The same Northern Democrats and Republicans who favored civil rights also favored the housing bill. But they were opposing the Bricker amendment. New Senator Paul Douglas of Illinois led the debate against the amendment and became the object therefore of criticism by Senators Bricker, Wherry, and Capehart, with Senator Bricker adopting the pretense of a more objective and scholarly demeanor, "'toothsomely regular, splendidly dull'", as Mr. Alsop paraphrases Tennyson.

Senator Taft, once the leader of the old guard, had recently criticized his fellow Republicans for this behavior and specifically decried the Bricker amendment. His was a change of style more than substance.

Mr. Alsop observes that such changes, coupled with the new approaches in the Senate injected by such persons as Senator Douglas, showed the country's adaptability, sometimes comic in its manifestations, but "richly complex and capable of great developments," which he finds good enough.

The Republican approach to public housing and slum clearance via the Bricker amendment in 1949 is somewhat remindful of the Republican foreign policy approach, while out of office, to the Iran hostage crisis of 1979-81.

A letter writer objects to the Raleigh News & Observer having editorially characterized the General Assembly session as a "Go Backward" Legislature, thinks the legislators were wise to curtail some of the "reckless" spending programs suggested by Governor Scott, which would have put the state back in debt after several years of fiscal responsibility.

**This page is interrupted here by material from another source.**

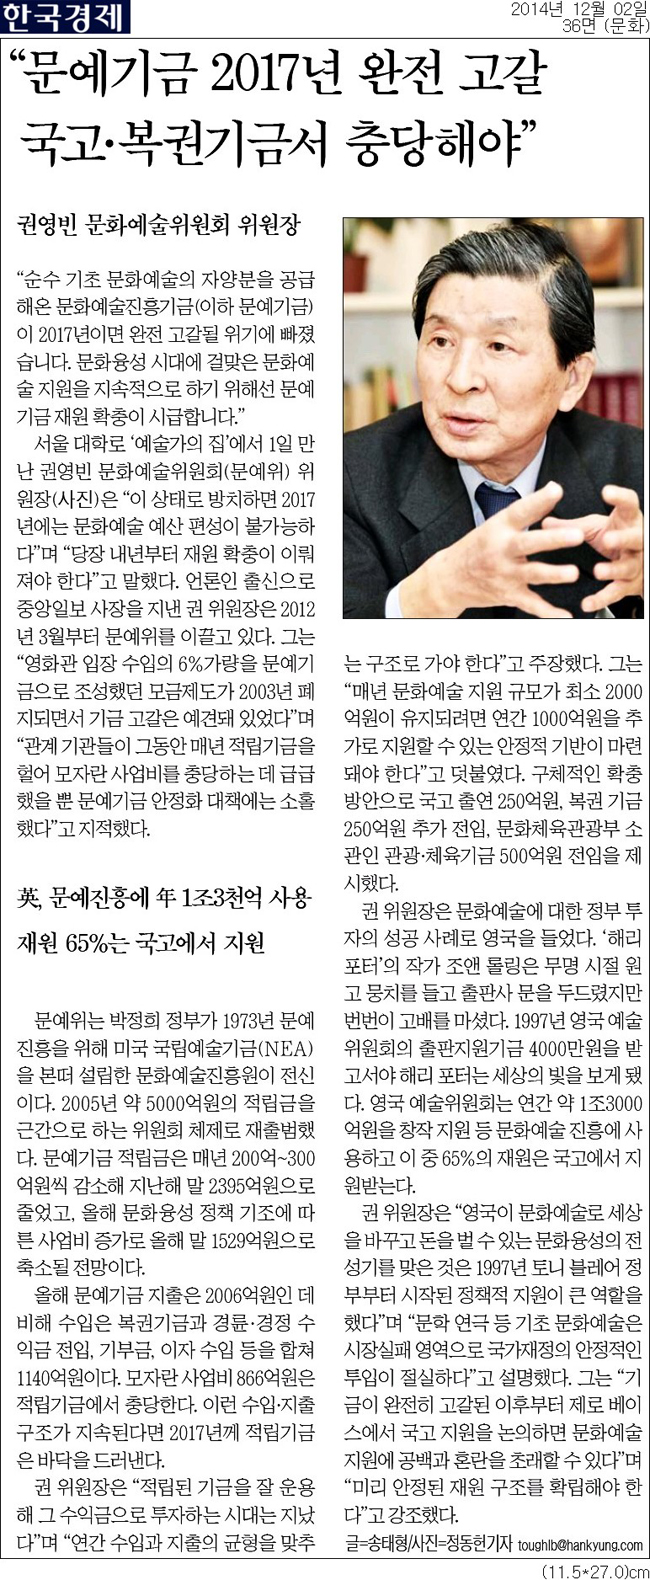 {한국경제] 2014년 12월 02일 36면 (문화)_문예기금 2017년 완전 고갈…국고·복권기금서 충당해야

A letter writer finds a cold war ongoing among Christians, carping at one another. He favors peace among believers.

A letter from the Red Shield Boys' Club expresses its appreciation for the newspaper's promotion of Boys' Club Week.

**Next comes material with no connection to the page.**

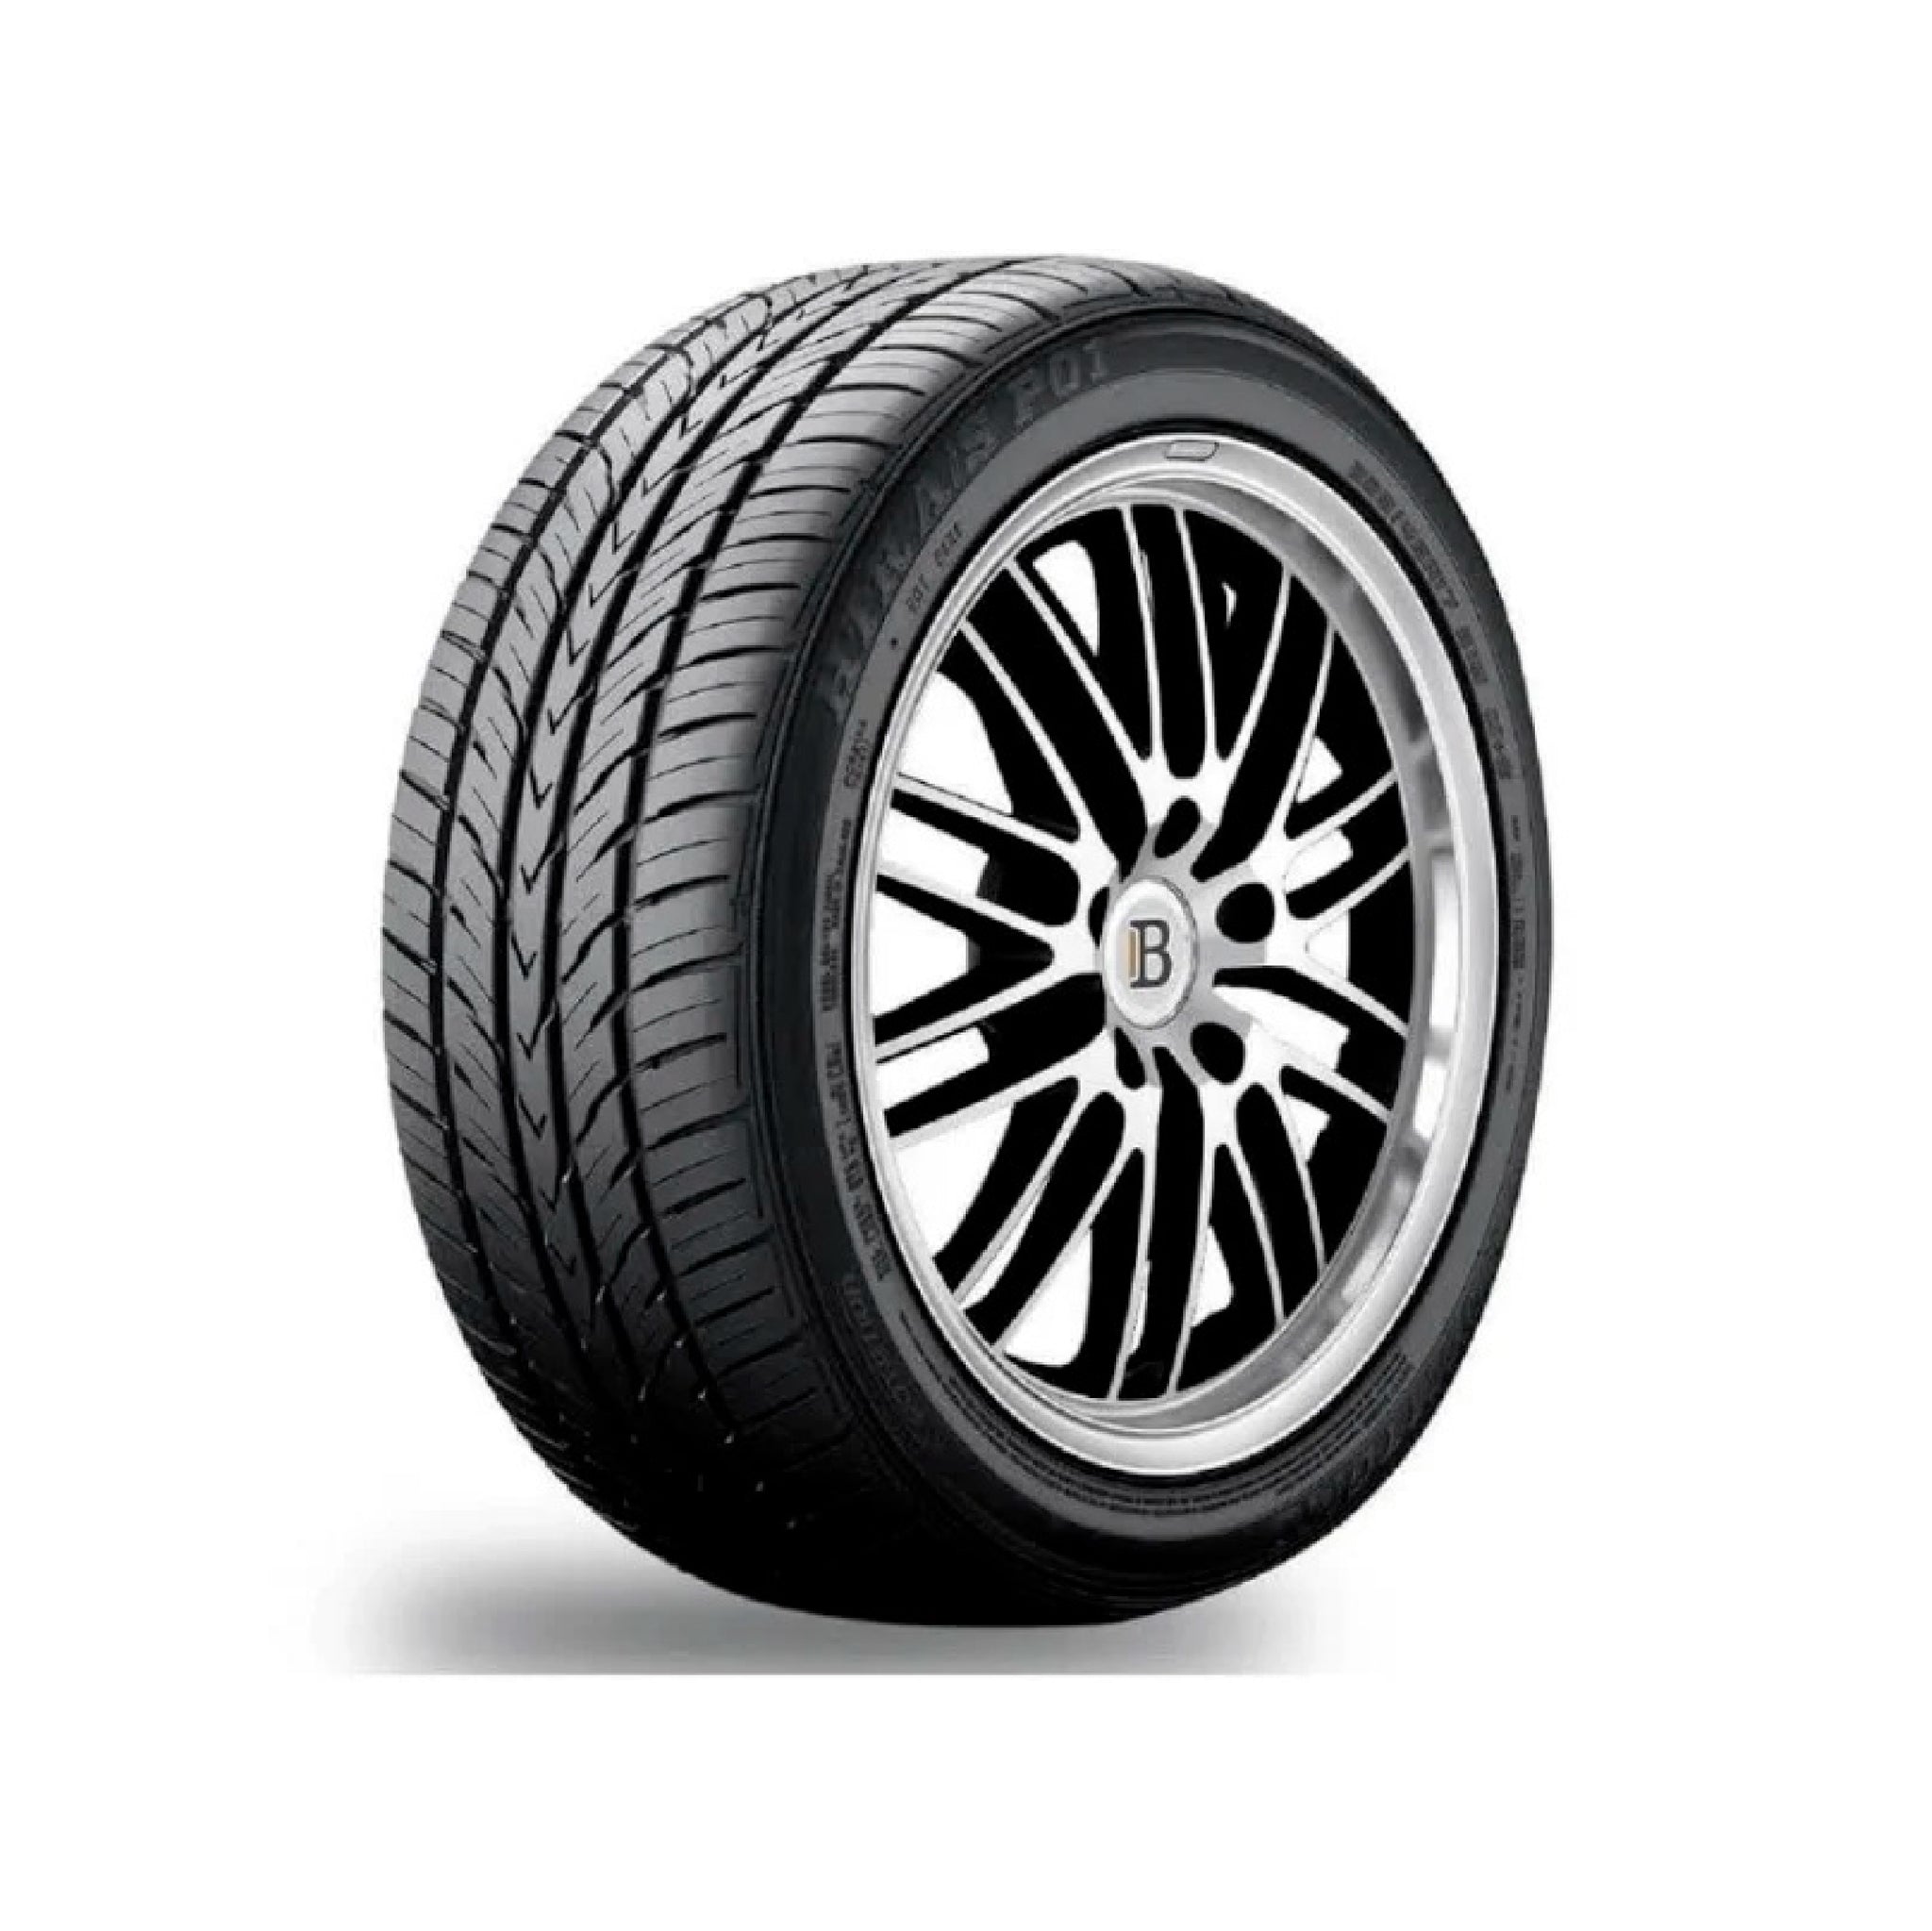 Marcas y modelos de la medida de neumáticos 205 55 r16

A letter writer recommends voting for the most qualified people for the City Council and Mayor.

And, April 25, 2016 is the 40th day that the American people and their democracy have been held hostage by the Republican-controlled Senate by refusing, for the first time in United States history, to hold hearings on a Presidential nomination to the Supreme Court. Since that Senate is unlikely to get anything positive done anyway, we recommend stopping all Senate business dead in its tracks until Mr. McConnell and Mr. Grassley, who have ceased to be worthy of the title "Senators", decide to join our democracy and heed the will of the voters in both 2008 and 2012.

What is it from which you are hiding, that you are so afraid of the American people finding out in hearings on a Supreme Court nominee? What are you covering up, Mr. Grassley?